Doge of Venice from 1676 to 1684

Alvise Contarini (24 October 1601 – 15 January 1684) was the 106th Doge of Venice from his election on 26 August 1676 until his death in 1684. He was the eighth and final member of the House of Contarini to serve as Doge of Venice (with the first being Domenico I Contarini, who became Doge in 1043).

His reign was largely peaceful, as the Republic of Venice was still recovering from the defeat to the Ottoman Empire in the 1645–69 Cretan War. However, in the last days of Contarini's reign, hostilities with the Ottoman Empire were rekindled once again, and Venice soon entered the Sixth Ottoman-Venetian War, better known as the Morean War (1684–99).

==Biography==
Contarini was born in Venice as the third son of Nicolò Contarini and Elena Michiel; he was a nephew of Francesco Contarini, the 95th Doge of Venice, who had a one-year reign from 1623 to 1624. Alvise Contarini never married, dedicating his whole life to public service. He served as Venice's ambassador to the Ottoman Empire, Kingdom of France, Spain, the Dutch Republic, and to the Papal court. The King of France granted Contarini the title of chevalier.

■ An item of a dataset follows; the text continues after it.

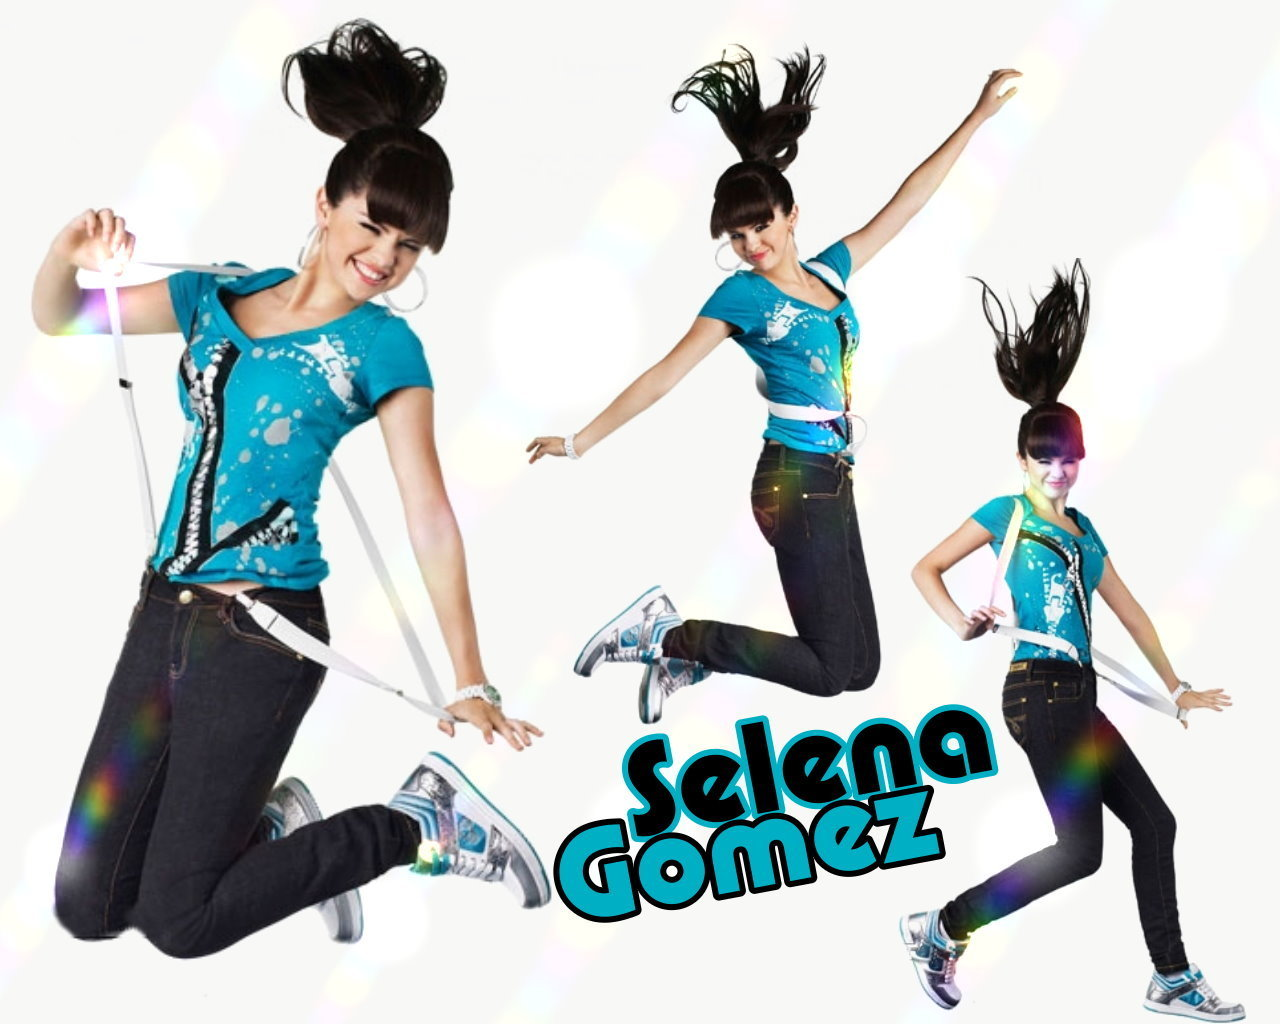 http://1.bp.blogspot.com/-4X-RRLWYTpk/TWaZqpsGzSI/AAAAAAAAByE/O-9SG3BZ_8o/s1600/Selena-Gomez-Wallpaper-selena-gomez-6771204-1280-1024.jpg

During his time as savio, Contarini supported the party in the Great Council that called for a continuation of the war with the Ottoman Empire.

Upon the death of Nicolò Sagredo on 14 August 1676, it seemed a foregone conclusion that he would be succeeded as Doge by his popular brother Giovanni Sagredo. Giovanni Sagredo quickly secured the votes of thirty of the forty electors. His opponents, however, believed he had used fraudulent means to do so, and they therefore rioted. Alarmed, the Great Council chose forty new electors, and when these electors met on 26 August 1676, they decided on Alvise Contarini as a compromise candidate.

Most of Contarini's reign as Doge was occupied with festivities and fun, and he made little attempt to exercise strong dogal powers. Contarini did, however, oversee a major judicial reform in the early part of his reign. Also, many new relics were brought in from Crete (now under Ottoman control) and installed in Venetian churches during Contarini's reign.

Several notable firsts occurred in Contarini's reign. On 25 June 1678, Venetian mathematician Elena Cornaro Piscopia became the first woman in the world to receive a Doctor of Philosophy degree, from the University of Padua. In a first of a very different sort, Venice's first coffeehouse opened in 1683, and drinking coffee soon became immensely popular.

In terms of foreign policy, these were anxious years for Venice. Venetians watched the progress of the Great Turkish War closely, as Venice's enemy, the Ottoman Empire, made territorial gains in the lands of the Habsburg monarchy (including all of the Balkans by 1682) before finally being halted by the forces of John III Sobieski at the Battle of Vienna on 12 September 1683. In Venice, debates about entering the war on the side of the Habsburgs dominated throughout 1683. Contarini died on 15 January 1684, shortly before Venice decided to enter the war in mid-1684, thus beginning the Morean War (1684–99).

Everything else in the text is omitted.